Page last updated at 10:18 GMT, Thursday, 23 October 2008 11:18 UK

Average male retirement age rises

Comedy characters Steptoe and son
Working until your mid-60s is becoming more commonplace

The average age at which men retire continues to rise and has now reached almost 65, according to the Office for National Statistics (ONS).

Between April and June this year the average male retirement age, for men who had worked past 50, was 64.6 years.

That was the highest since records started in 1984, when the average retirement age was 63.7.

The average retirement age for women who had worked past 50 was 61.9, which was up from 60.7 in 1984.

For a long time, it was a common belief that rising prosperity would allow each generation to retire earlier than their parents, but reality has now bitten
Paul Macro, Watson Wyatt

The ONS pointed out that "retirement" can mean not just a conscious decision to stop working, but can also be due to ill-health or a lack of suitable work.

But it said that the current trend was important to track because of the government's plans to raise the state retirement age steadily in the next few decades.

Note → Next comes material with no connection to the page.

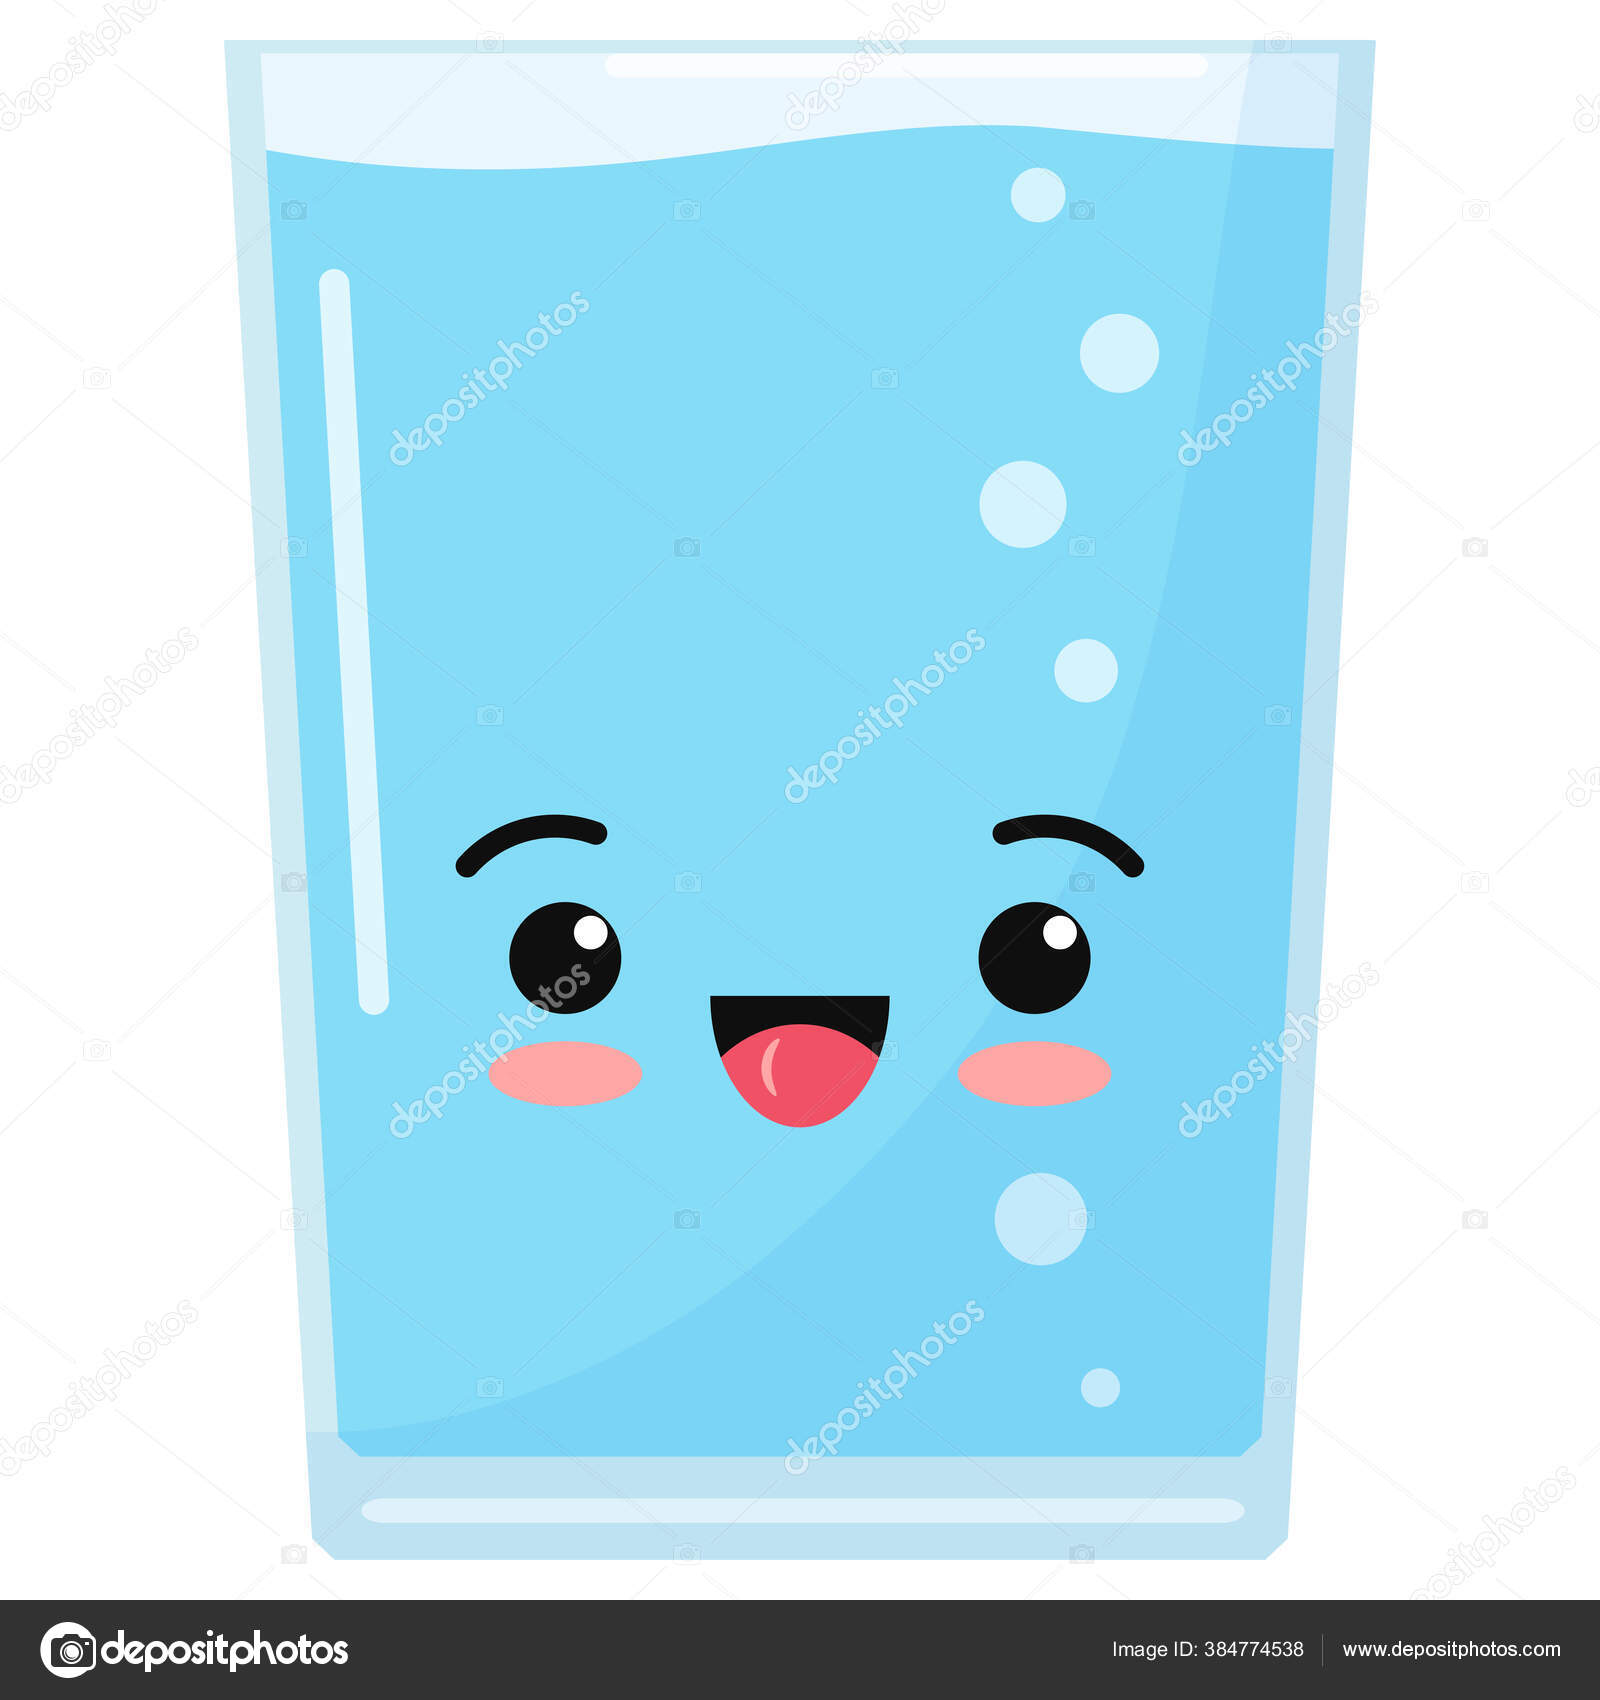 Drink water emoji Vector Art Stock Images | Depositphotos

"The transition from work to retirement is of interest because of questions about whether people are extending their working lives in response to increasing life expectancy and pressures on pension adequacy," the ONS said.

State pension age

Under current government policy, the state pension age for women will gradually rise from 60 to 65 between 2010 and 2020.

And for both men and women it will rise further, from 65 to 68, between 2024 and 2046.

The average age at which men retired fell between the 1950s and the mid-1990s.

The ONS said that the average age at which men withdrew from the labour market stabilised after 1994, but has been rising since 2002.

"For a long time, it was a common belief that rising prosperity would allow each generation to retire earlier than their parents, but reality has now bitten," said Paul Macro of the actuaries Watson Wyatt. "It means saving more or working longer."

"Despite these trends, people can still expect to spend a much bigger proportion of their lives in retirement than was recently the case," he added.